Although President Joe Biden was praised early in his term for a series of actions on Yemen—temporarily freezing arms sales to Saudi Arabia and the United Arab Emirates, ending U.S. support for the coalition’s “offensive operations,” and reversing the designation of the Houthis as a terrorist organization—lawmakers and activists want him to go further.
“Since 2015, the restrictions imposed by the coalition have critically exacerbated the humanitarian crisis in Yemen,” the letter says.
“The interference, delay, and outright blocking of commercial goods and humanitarian assistance shipped to Yemen’s ports is a principal cause of price inflation, food insecurity, economic collapse, and the failure of public services in Yemen. These measures do not interrupt the supply of Iranian and other weapons to the Houthis.”
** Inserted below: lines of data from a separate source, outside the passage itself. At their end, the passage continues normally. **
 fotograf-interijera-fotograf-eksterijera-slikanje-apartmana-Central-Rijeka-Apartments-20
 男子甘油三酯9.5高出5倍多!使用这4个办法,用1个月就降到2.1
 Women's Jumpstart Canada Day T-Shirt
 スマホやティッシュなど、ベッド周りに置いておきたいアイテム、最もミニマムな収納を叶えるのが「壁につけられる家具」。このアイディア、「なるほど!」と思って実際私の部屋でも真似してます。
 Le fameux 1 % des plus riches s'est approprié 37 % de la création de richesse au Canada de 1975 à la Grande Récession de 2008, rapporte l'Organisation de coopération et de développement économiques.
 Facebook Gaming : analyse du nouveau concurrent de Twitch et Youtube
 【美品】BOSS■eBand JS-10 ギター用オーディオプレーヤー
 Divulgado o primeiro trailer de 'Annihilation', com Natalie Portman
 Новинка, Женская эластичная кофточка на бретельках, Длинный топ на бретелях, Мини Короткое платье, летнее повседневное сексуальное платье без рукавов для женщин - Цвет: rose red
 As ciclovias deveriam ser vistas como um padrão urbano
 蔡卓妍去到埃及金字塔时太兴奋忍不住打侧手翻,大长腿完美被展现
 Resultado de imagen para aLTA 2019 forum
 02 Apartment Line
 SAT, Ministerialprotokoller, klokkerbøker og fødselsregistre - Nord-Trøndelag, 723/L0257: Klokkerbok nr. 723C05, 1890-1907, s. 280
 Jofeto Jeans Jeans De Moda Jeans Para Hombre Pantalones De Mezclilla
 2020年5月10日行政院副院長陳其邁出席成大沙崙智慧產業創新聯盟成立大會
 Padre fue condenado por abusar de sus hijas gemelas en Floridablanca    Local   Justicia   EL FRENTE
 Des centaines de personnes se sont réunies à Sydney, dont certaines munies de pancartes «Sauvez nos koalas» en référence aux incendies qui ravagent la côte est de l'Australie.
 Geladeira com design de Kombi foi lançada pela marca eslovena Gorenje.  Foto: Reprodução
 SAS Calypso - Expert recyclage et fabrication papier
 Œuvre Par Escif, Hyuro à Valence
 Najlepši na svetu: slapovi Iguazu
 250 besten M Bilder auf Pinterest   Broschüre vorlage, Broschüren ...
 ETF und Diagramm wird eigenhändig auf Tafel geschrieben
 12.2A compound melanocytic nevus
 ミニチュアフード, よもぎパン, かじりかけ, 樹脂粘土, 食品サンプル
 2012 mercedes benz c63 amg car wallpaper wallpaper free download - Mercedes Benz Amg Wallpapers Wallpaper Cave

The letter acknowledges recent progress on getting fuel into Yemen as positive but adds that “none of this excuses the Saudi-led coalition’s continued obstruction of commercial and humanitarian imports to Yemen, which serves no legitimate humanitarian, political, or security purpose. Ending this practice will boost Yemen’s economy, de-escalate the conflict, and prevent this humanitarian catastrophe from worsening—all important U.S. objectives.”
House Foreign Affairs Committee Chair Gregory Meeks (D-N.Y.) also signed on to the letter, as did Reps. David Cicilline (D-R.I), Gerry Connolly (D-Va.), William Keating (D-Mass.), Juan Vargas (D-Calif.), Brad Schneider (D-Ill.), Colin Allred (D-Texas), Tom Malinowski (D-N.J.), and Kathy Manning (D-N.C.).
It came a week after over 70 lawmakers—led by Reps. Ro Khanna (D-Calif.), Debbie Dingell (D-Mich.), and Mark Pocan (D-Wis.)—sent a similar message to the White House.